Fig. 6. Characterization of radial filaments around individual podosomes.

a Volumetric (3D) visualization of a podosome viewed from the top (top row) and side (bottom row). From left to right: whole image stack, 0 to 410 nm; 0 to 80 nm; 80 to 200 nm; 200 to 410 nm. Radial filaments around the central podosome core are labeled A–F. b–d Radial traces for filaments A-F are produced by 3D object analysis (Methods). Traced radial filaments are highlighted in yellow. The dimensions of the bounding box are 1212 x 986 x 410 nm. e Three examples from two phagocytosis sites of radial fibers extending away from the podosome core. Z-projected image stacks from iPALM are color-coded from 200 to 410 nm.

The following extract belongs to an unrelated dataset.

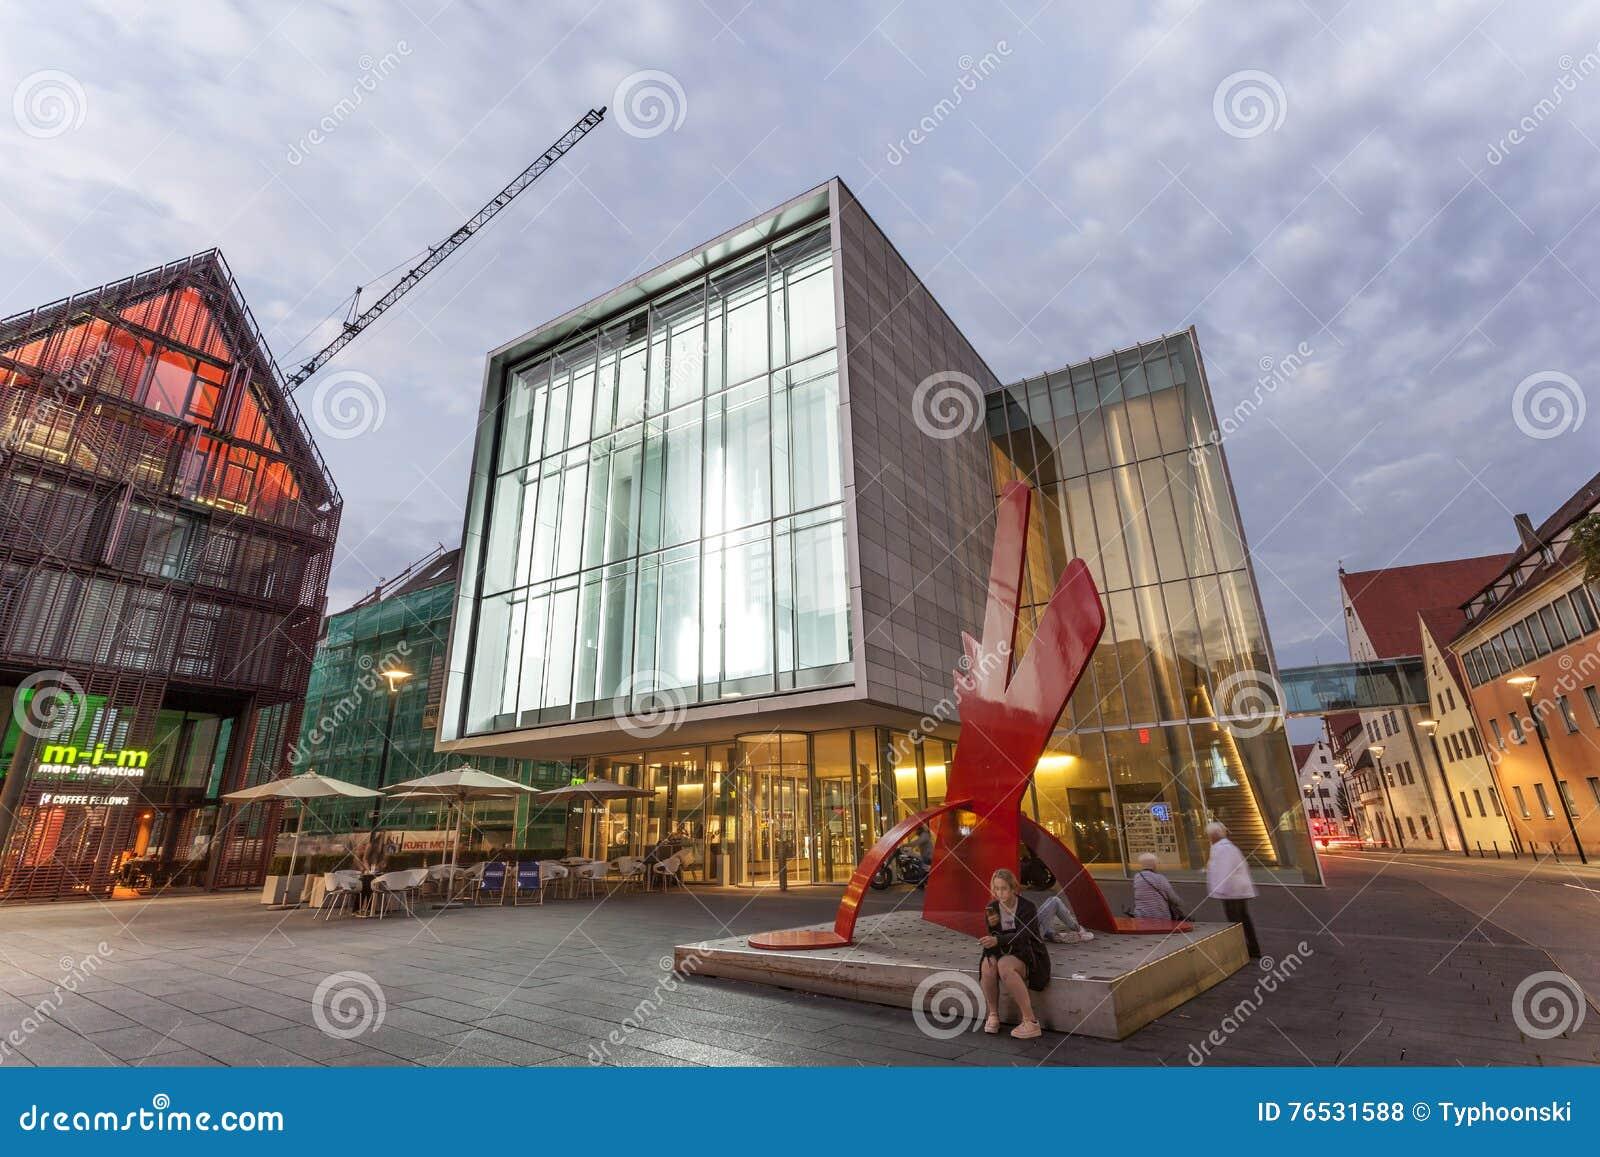 Modern Art Museum In Ulm, Germanyq Editorial Stock Photo - Image of

Fig. 7. Relative positions of podosome actin core and other proteins.

a, b TIRF-SIM images of F-actin (lifeact-Halo-549), paxillin-EGFP (a), and talin- EGFP (b) in RAW 264.7 macrophages plated on disks of micropatterned IgG-Alexa 647. c Perpendicular line scans for F-actin, paxillin, and talin with podosome center at 0 (Paxillin: n = 60 podosomes across 2 cells. Talin: n = 134 podosomes across 4 cells). Data are presented as the mean with 95% CI. Arrows for IgG and FcγR show their distribution relative to the actin peak, with the flat end corresponding to the mean inflection points from Fig. 1e, f. d Distance from the podosome center to paxillin and talin peaks (n as in c). Boxes show the median with first and third quartiles. Whiskers show the last datum within 1.5*IQR of the box. P values determined using a two-tailed Mann-Whitney U test with Bonferroni correction. e Full-width half max of each species peak (n as in c). Box plots and P values determined as in d. f Distance between the inner (in, toward site center) and outer (out, away from the site) peaks for each species (n as in c). Box plots and P values determined as in d. Source data are provided as a source data file.

Fig. 8. Myosin II filaments in macrophage frustrated phagocytosis.

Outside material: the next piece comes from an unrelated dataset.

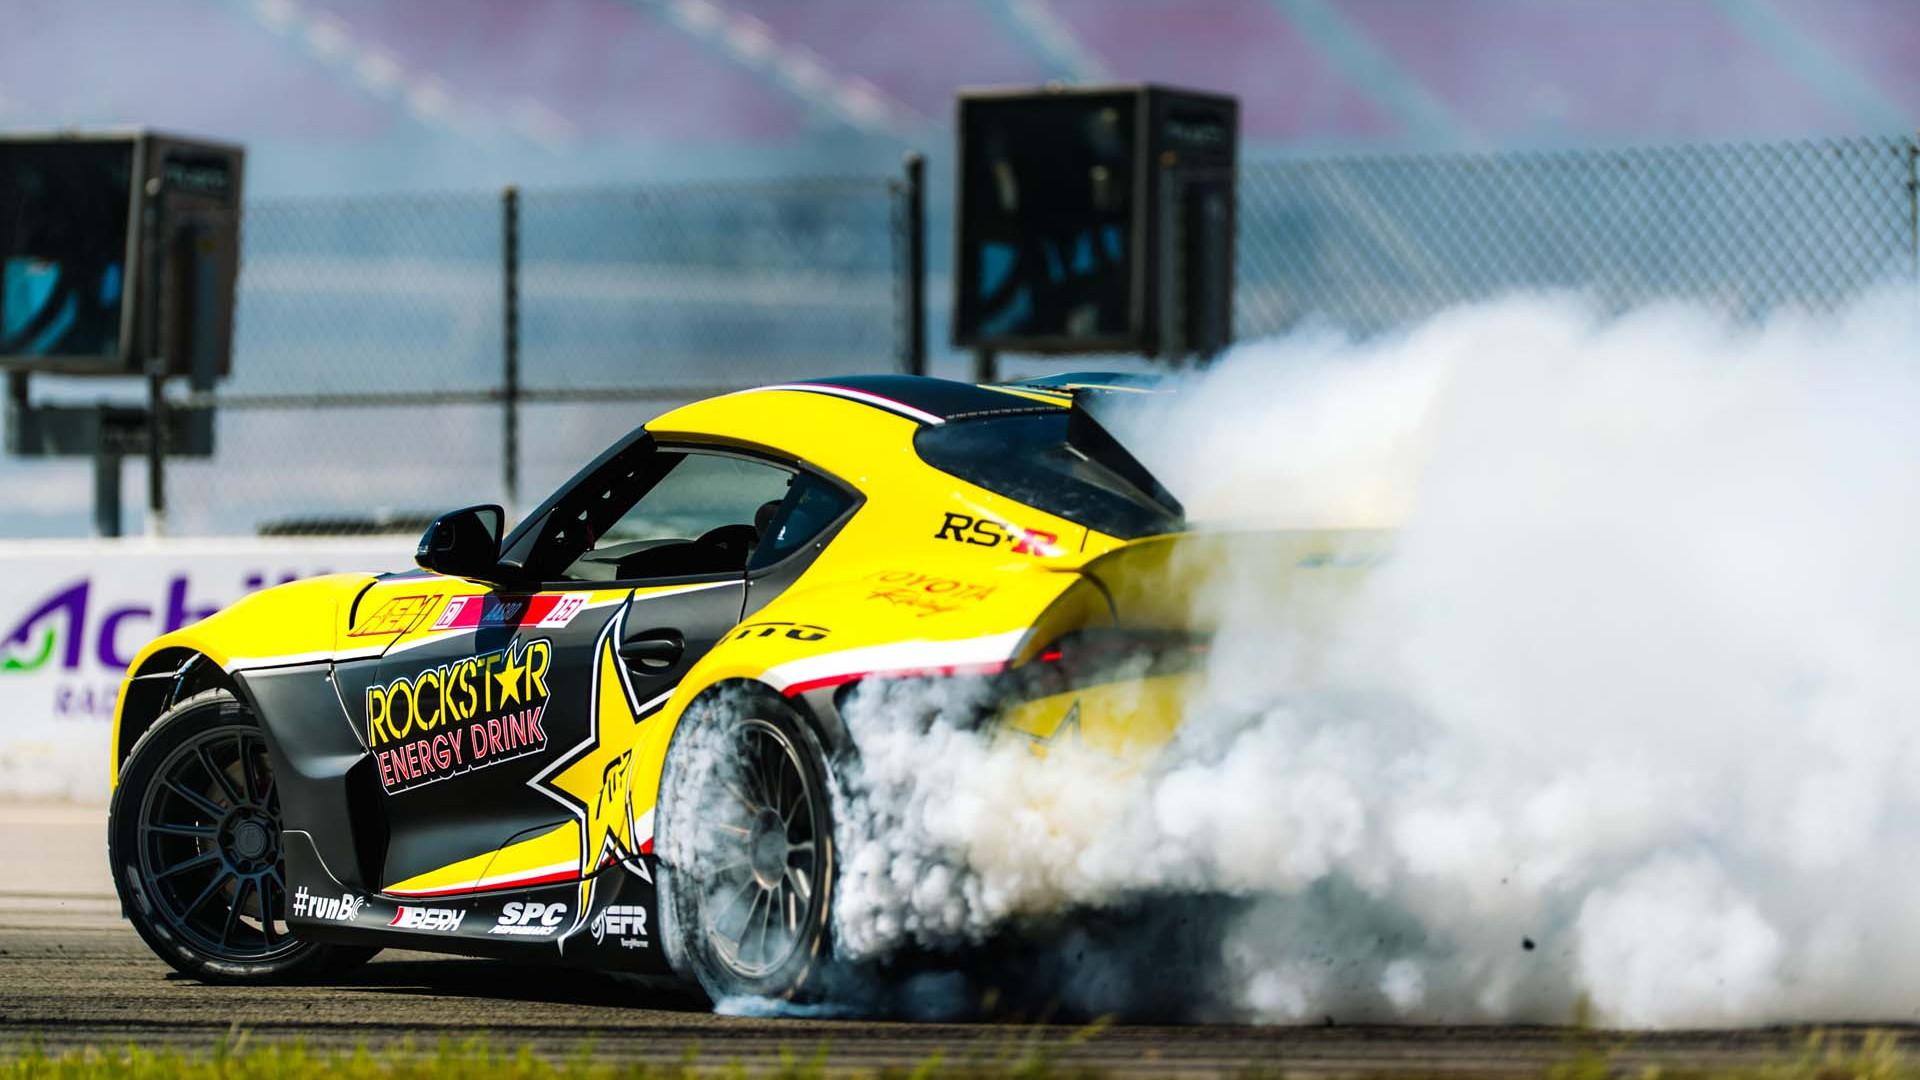 Papadakis Racing Rockstar Energy Drink 2021 Toyota Supra drift car

a Macrophages plated on micropatterned IgG-Alexa 647 disks, with myosin II marked using RLC-EGFP and imaged with TIRF-SIM. Myosin II filaments formed a small ring within the circle of podosomes during macrophage frustrated phagocytosis. Individual myosin II bipolar filaments were visualized as doublets (arrows). The insert, showing a doublet, is a zoom of the dashed box. The scale bar of the insert is 300 nm. b Radial distributions of actin and myosin II (n = 15 sites across 7 cells, data are presented as mean with 95% CI). c Radial distance to the actin and myosin II peaks. Boxes show the median with first and third quartiles (n as in b). Whiskers show the last datum within 1.5*IQR of the box. P values determined using a two-tailed Mann-Whitney U test with Bonferroni correction. d Z-stack of actin 3D-SIM images (lifeact-Halo-549), myosin II (RLC-EGFP), and merged. e 3D view of actin and myosin II filaments shown in d. Source data are provided as a source data file.

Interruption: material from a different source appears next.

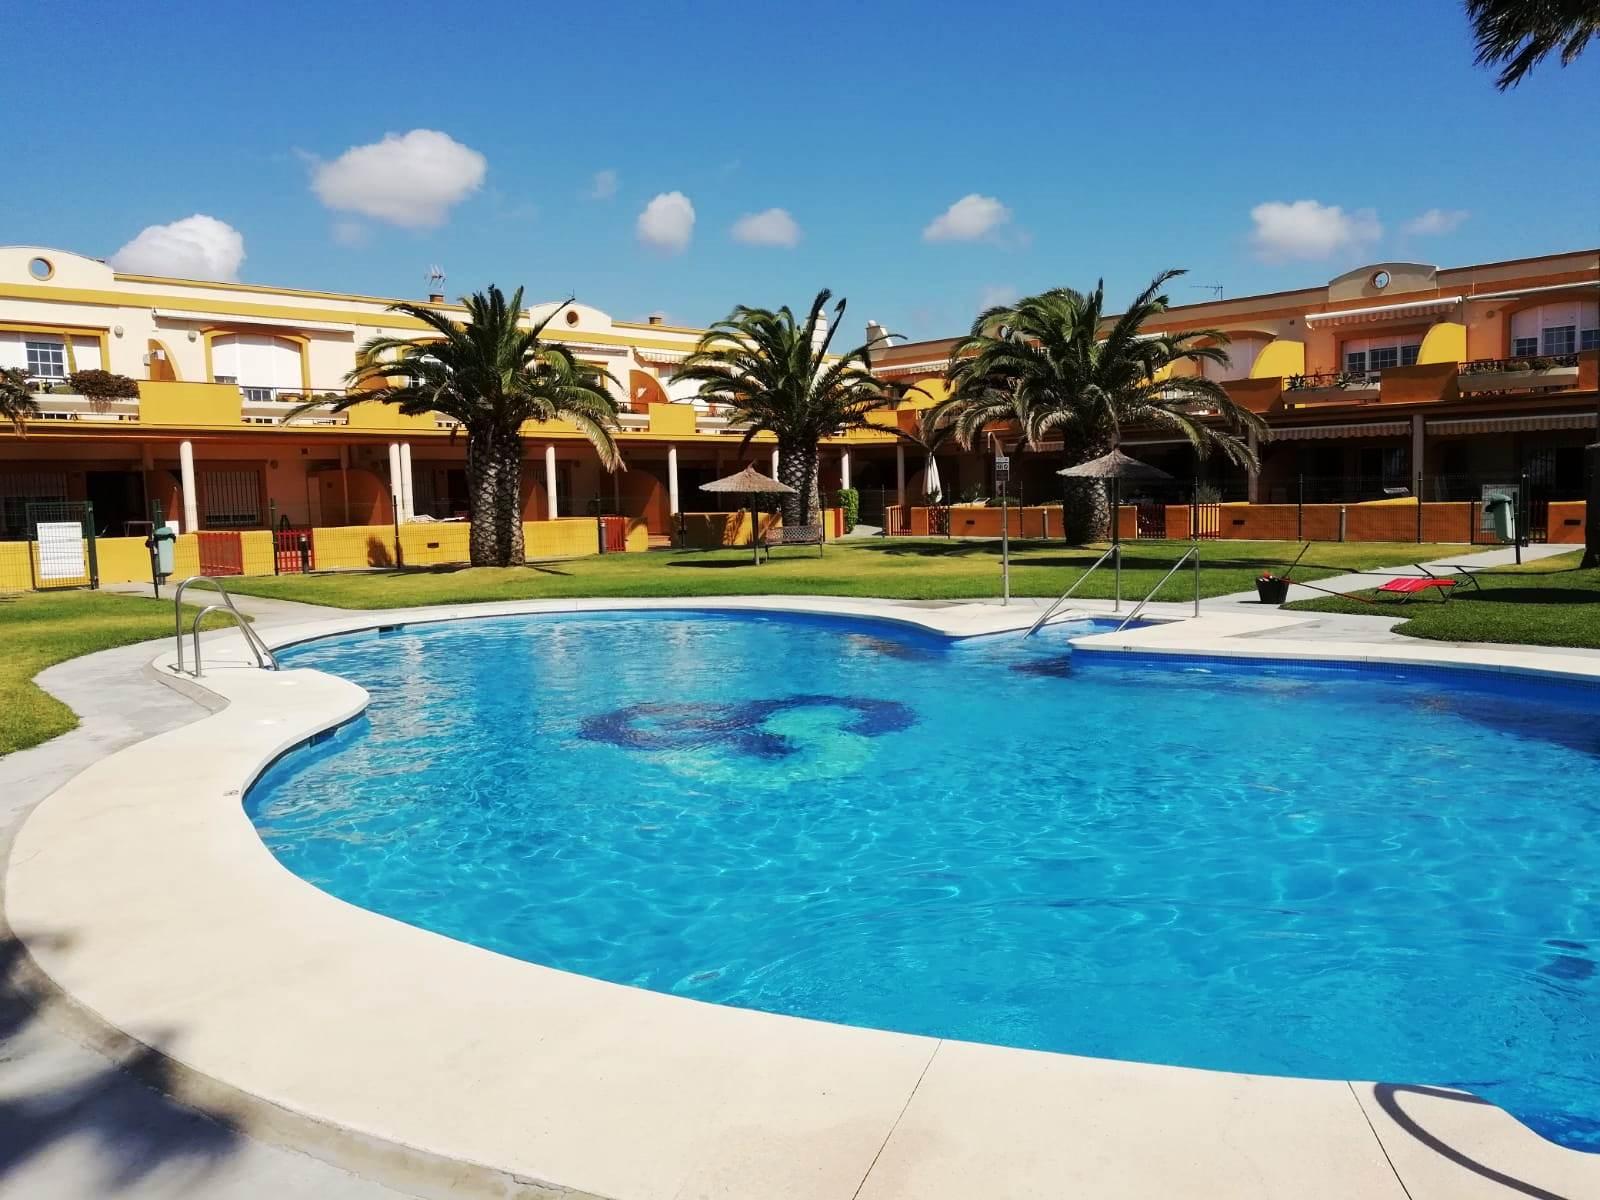 Apartamento en Venta – Tarifa – Costa de la luz – Cádiz – Andalucía

Fig. 9. Schematic of podosome constituents drawn to scale.

a Cartoon of actin (magenta) based on iPALM, showing upper radial fibers, lower actin network, and the ventral protrusion. The cross-section shows intensity contours quantified in Fig. 4e. The IgG disk is shown in cyan. Grid unit length = 50 nm. b One-dimensional density plots from TIRF-SIM imaging of species centered on the F-actin peak. Plots correspond to the mean values for each species in Fig. 1e (IgG and FcγRIIA), Fig. 7c (F-Actin, Paxillin, Talin), and Fig. 8b (Myosin II). For IgG and FcγRIIA, white lines correspond to the mean inflection points (Fig. 1f). For paxillin, talin, and myosin, the white lines show the peak and FWHM boundary values. For myosin, the left-hand boundary of the FWHM is beyond the end of the plot but would be at −1.28 μm. PALM/STORM imaging showed cortactin co-localized with actin in both lobes of the podosome (Supplementary Fig. 7).